- Port Wine
- Coordinates: 23°50′47″S 147°03′35″E﻿ / ﻿23.8463°S 147.0597°E
- Population: 27 (2016 census)
- • Density: 0.0195/km^{2} (0.0506/sq mi)
- Postcode(s): 4724
- Area: 1,381.4 km^{2} (533.4 sq mi)
- Time zone: AEST (UTC+10:00)
- Location: 78.8 km (49 mi) ESE of Alpha ; 167 km (104 mi) WNW of Emerald ; 219 km (136 mi) E of Barcaldine ; 437 km (272 mi) W of Rockhampton ; 1,000 km (621 mi) NW of Brisbane ;
- LGA(s): Barcaldine Region
- State electorate(s): Gregory
- Federal division(s): Maranoa
Suburbs around Port Wine:
| Beaufort | Pine Hill | Willows |
| Sedgeford | Port Wine | Lochington |
| Sedgeford | Sedgeford | Lochington |

= Port Wine, Queensland =

Port Wine is a former rural locality in the Barcaldine Region, Queensland, Australia. In the , Port Wine had a population of 27 people.

On 22 November 2019, the Queensland Government decided to amalgamate the localities in the Barcaldine Region, resulting in five expanded localities based on the larger towns: Alpha, Aramac, Barcaldine, Jericho and Muttaburra. Port Wine was incorporated into Alpha.

== Geography ==
The Central Western railway line forms the northern boundary of the locality. The Capricorn Highway also traverses the north of the locality from east to west but diverges south from the railway line unlike other localities in which the railway and highway are adjacent.

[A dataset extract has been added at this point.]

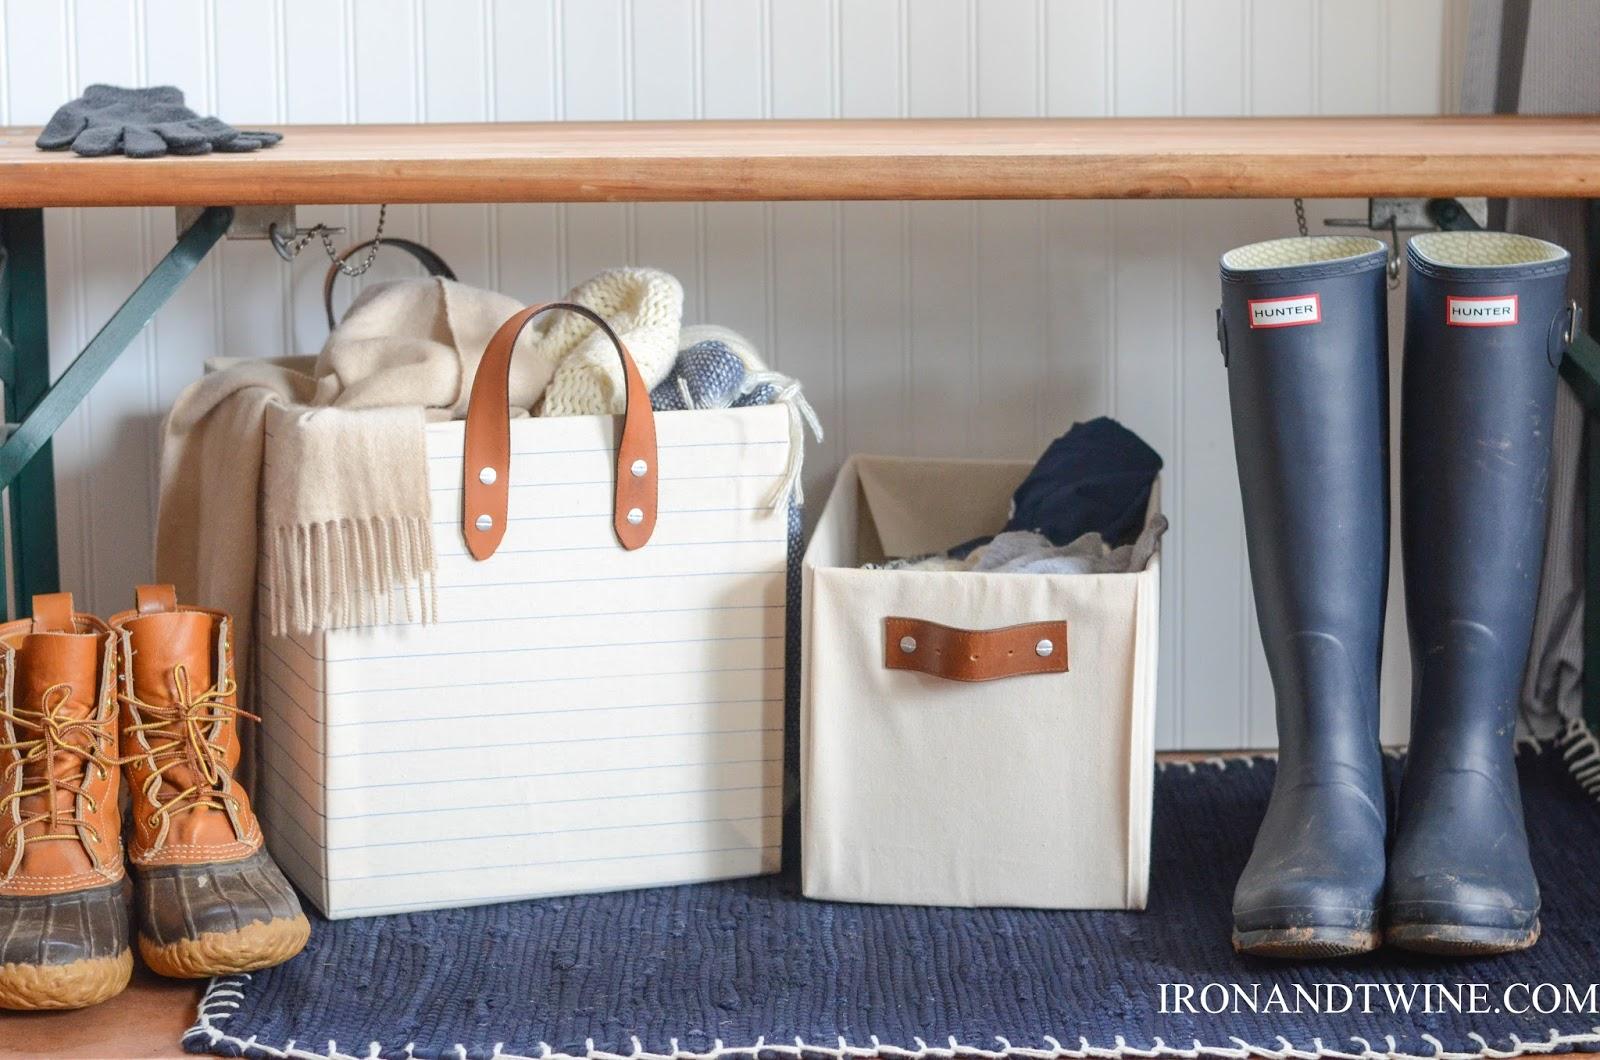 DIY+Belt+Handled+Box,+DIY+fabric+covered+box,+Iron+and+Twine+(1).jpg

The western branch of the Belyando River enters the locality from the south-west (Sedgeford) while the eastern branch rises in the south of the locality. The two branches merge within the locality and then flow north to exit the locality to the north-west (Beaufort). The Beylando River is a tributary to the Suttor River, and then the Burdekin River, within the North East Coast drainage basin.

The predominant land use is grazing on native vegetation.

The abandoned town of Pinehill is in the most northern part of the locality immediately south of the Pinehill railway station.

== History ==
The district was opened up by the arrival of the Central Western railway in 1883 when the Pinehill railway station was the terminus of the line for one year. In August 1883 there was a land sale for 56 town lots and 180 country lots at Pine Hill (as the town's name was then written). The sale was successful yielding with buyers planning to build hotels and shops in the new town, although the newspaper of the day speculated that the land might be worthless in two years (presumably in the expectation that the town would not remain the terminus). The railway line opened 1 November 1883. The Queensland National Bank relocated their business from Bogantungan (the previous terminus) to Pine Hill in November 1883. The town was described in December 1883 as:"There is dust everywhere, not only in the streets but in the houses.You breathe it, you eat it, you drink it, you sniff it, touch what you will it is there. It sometimes almost blinds you, and it will no doubt assist in producing premature deafness in some cases, for your ears get filled with dust and thus all the five senses are affected ... it ought to have been named The Dust Flat".On 22 September 1884 the railway line had reached its new terminus Alpha and Pine Hill was described as "unsuited for permanent settlement". There was criticism of the Queensland Government for profiting from land sales in short-lived terminus towns like Pine Hill.

Pine Hill State School opened circa 1884 but closed in 1905. It reopened on 25 January 1926 but closed circa 1946.

Although the town's streets and allotments can still be seen on maps, there is no evidence of any building there today. The town's name lives on in the locality of Pine Hill to the north of Port Wine.

The origin of the name Port Wine is unclear. However there are mentions of Port Wine Creek in the district from 1913.

== Education ==
There are no schools in Port Wine. The nearest primary school is in Alpha. The nearest secondary school is in Alpha but only to Year 10. The nearest secondary school to Year 12 is in Emerald. Boarding schools and distance education are other options.